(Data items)
################
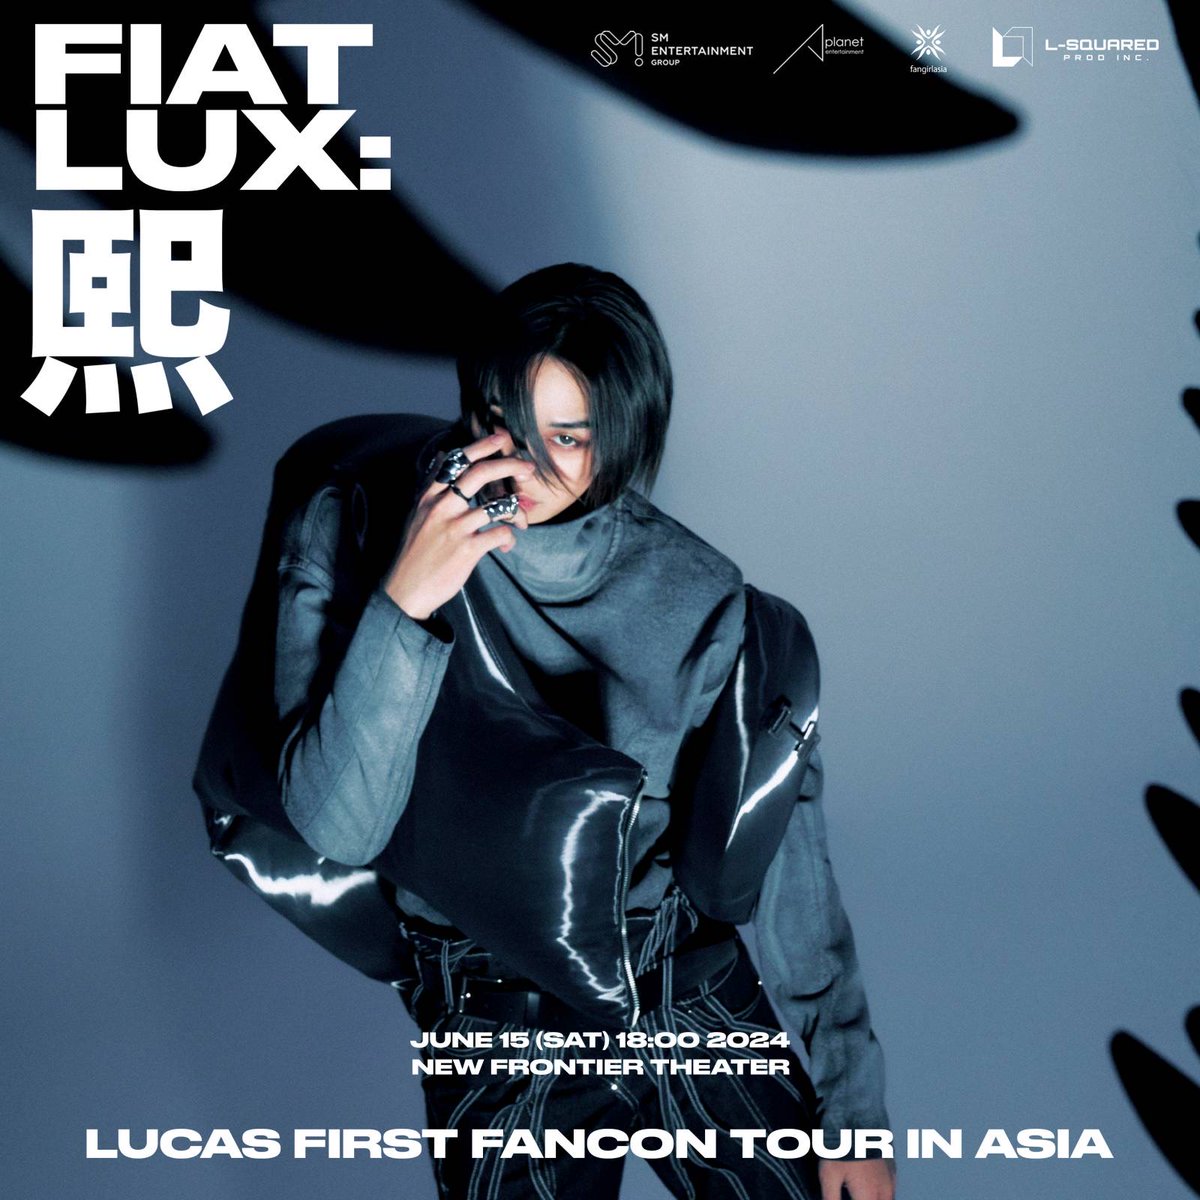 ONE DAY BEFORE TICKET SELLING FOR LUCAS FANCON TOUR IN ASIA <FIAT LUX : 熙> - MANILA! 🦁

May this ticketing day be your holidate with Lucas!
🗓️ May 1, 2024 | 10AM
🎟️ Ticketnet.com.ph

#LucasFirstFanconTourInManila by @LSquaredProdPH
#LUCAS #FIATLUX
################
Copy out exactly the lines running from the line with "2024 | 10AM" to the end of the records, inclusive.

🗓️ May 1, 2024 | 10AM
🎟️ Ticketnet.com.ph

#LucasFirstFanconTourInManila by @LSquaredProdPH
#LUCAS #FIATLUX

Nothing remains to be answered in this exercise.